Phase

 Is this how growing up feels like?


When my doll is being hid somewhere under the pillow,  I had to understand that my brother had only joking with me.

When KFC wasn’t served as dinner although they promised, I had to understand we could eat it another day.

When all I wore everyday had belonged to my brothers, I had to understand that we should only wear our best clothes when going out.


When I lost my money at school, I had to understand that I did not keep it safely.

When they told me I have to be skinnier, I had to understand that people will love you first based on your appearance.

When I was told that he wanted to break up with me, I had to understand that I could not let people stay if they wanted to leave.


When they threw me away from the circle, I had to face that I have to be strong for myself.

When I realized the saving wasn’t enough for tuition fees, I had to face that I have to look for a job.

When they told me they could not pay for college, I had to face that I should only looking for scholarships.


When I got that big announcement, I learnt to understand that manners are more important than intelligence.

When they pushed us to reach some goals, I learnt to understand that they believed us that we could do better

When I had to survive alone in abroad, I learnt to understand that happiness is wealth beyond measurement.


When I enjoyed doing both work and study, I learnt about appreciation - not everyone could do well on both.

When I achieved two lifetime goals, I learnt about gratitude - all I should do next was believe more in myself.

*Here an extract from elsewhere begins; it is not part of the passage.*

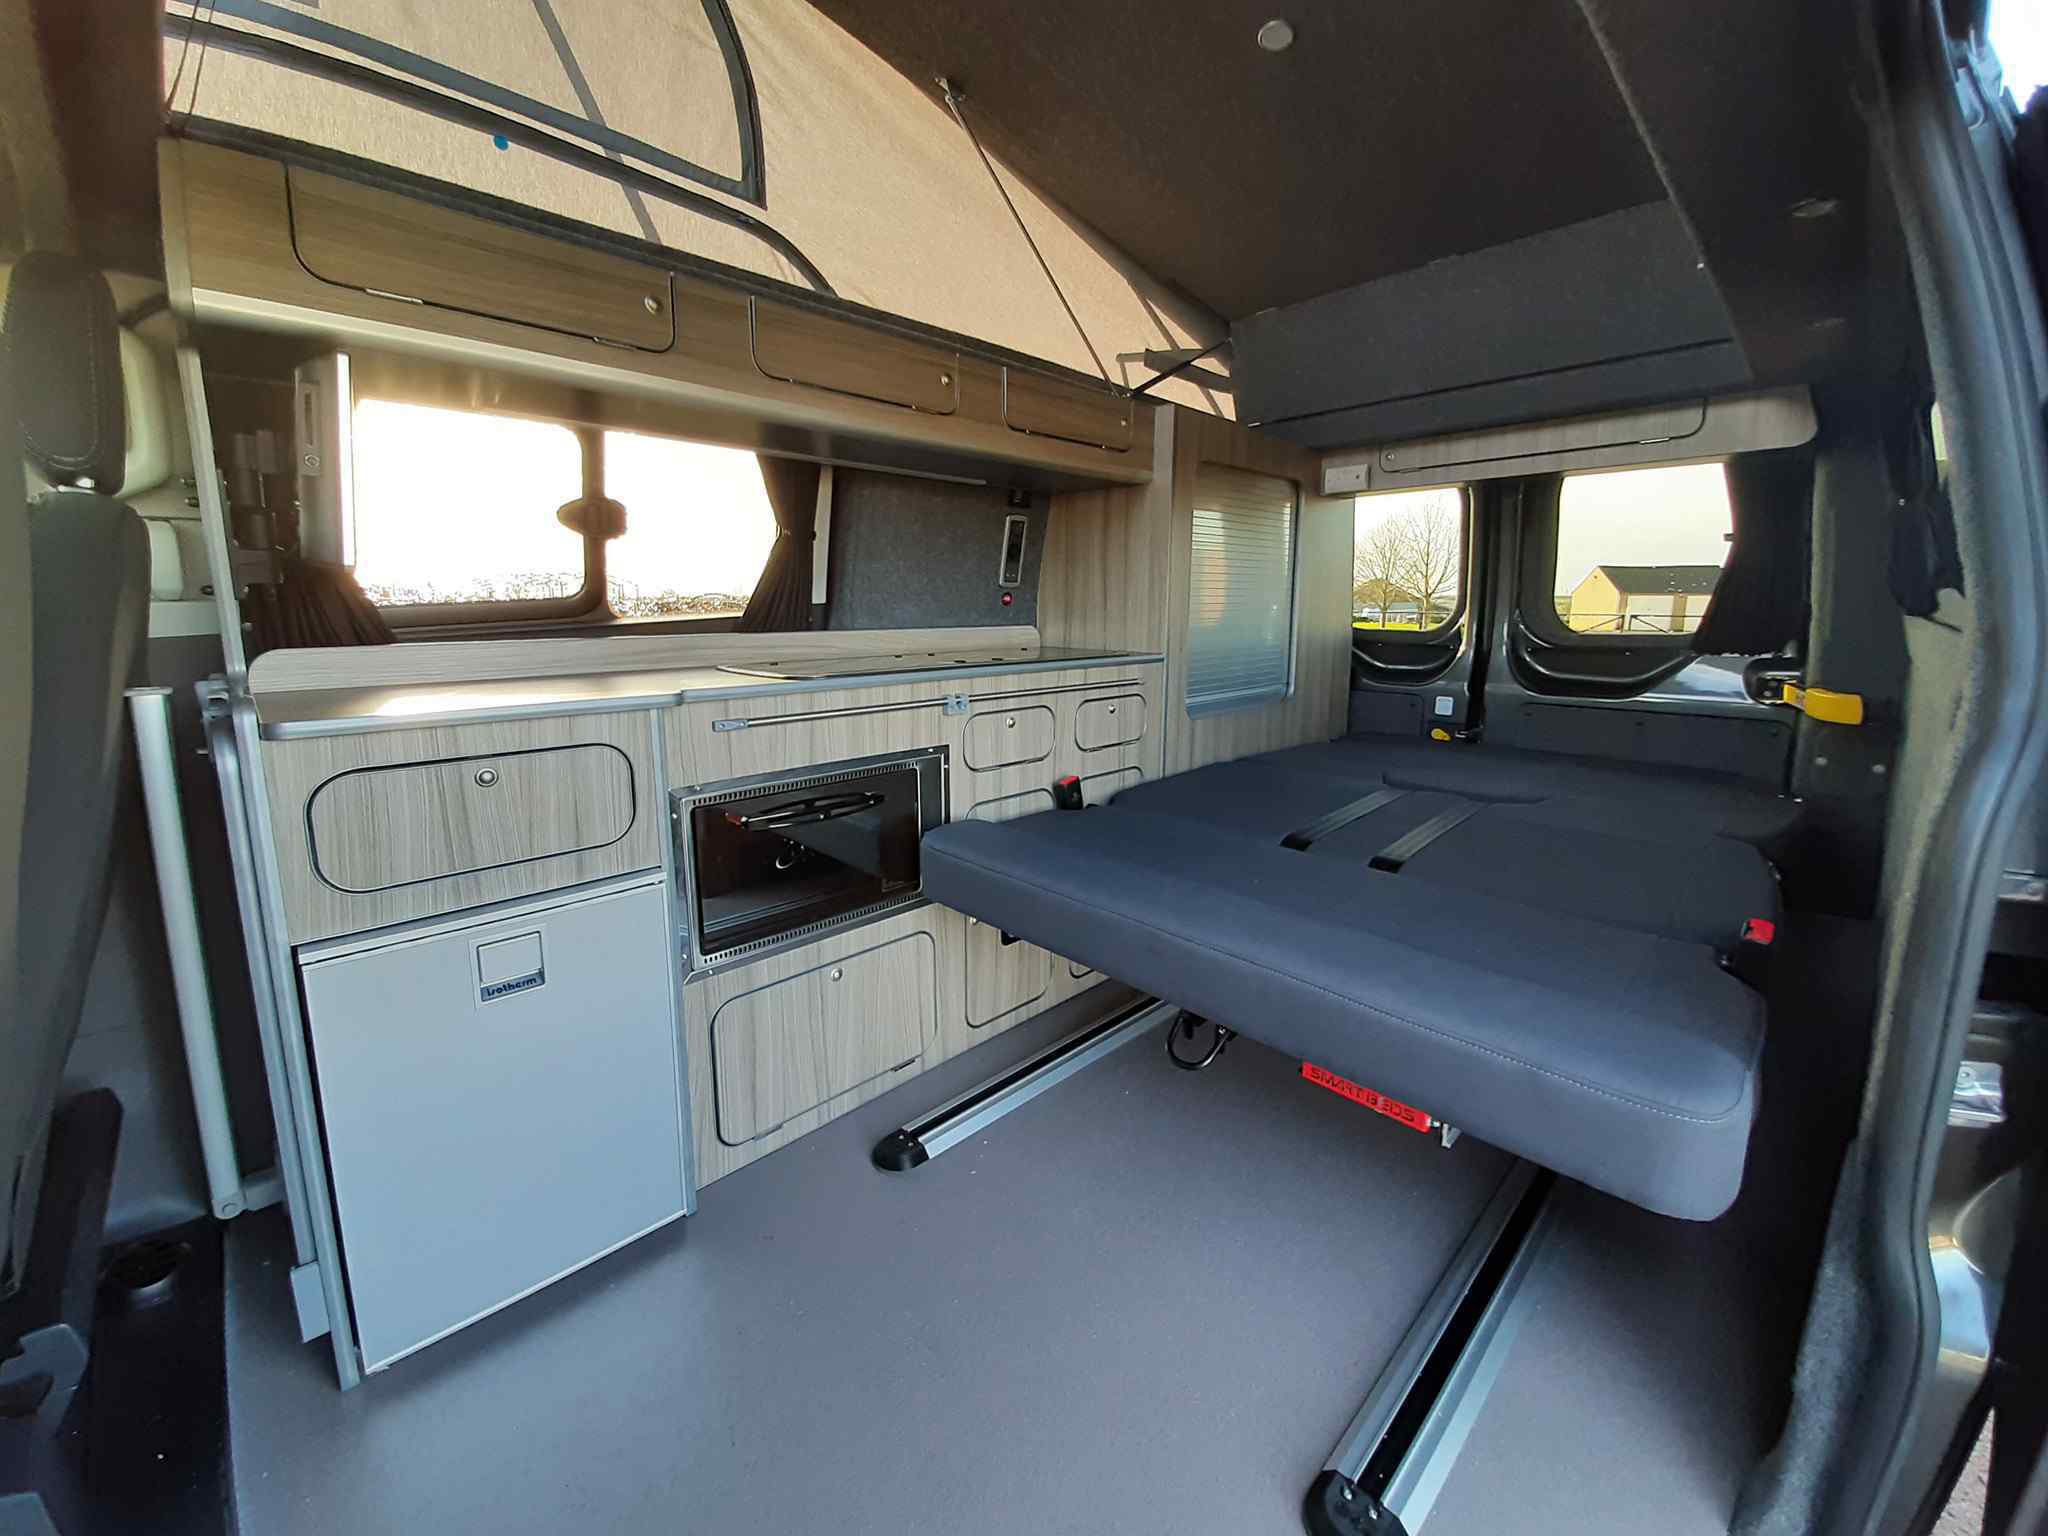 Transit Custom camper van interior .jpg

When I got the chance to lead and do something for the team, I learnt about recognition - trust and dependable are only for honest and genuine person.


When they told me to speed up and fill the expectation, I had to face that people only care about your results - not knowing you worked under pressure in helpless situation.

When I got to pay more and work more for the home, I had to face that these things are coming faster than ever - ready or not, this will be your routine.

When things started going messy and uncontrollaby, I had to face the fact that they also affect my condition - costed some energy and sanity.


When she said what I had worked did not fill her expectations, I know all things that I have tried were never enough although they were my best.

When they were not gonna help at all, I know in the path I have chosen will always be alone.

When he caressed and her reaction was smiling, I know I was always just a toy all along for their good reputation.


Growing up, what are we going to learn next?


Bullying someone - are we going to think that we are a powerful person?

Take someone for granted - are we going to think that our lives matter the most?

Sending people threats - are we going to think it was only for a joke?

Killing someone - are we going to think it was the way to express our feelings?


Growing up, we are forced to adapt with new things

Growing up, we are forced to care about ourselves the most

Growing up, we are forced to lost our sense of humanity day by day


Things that scaring me outta hell, and I don't feel I wanna grow up anymore.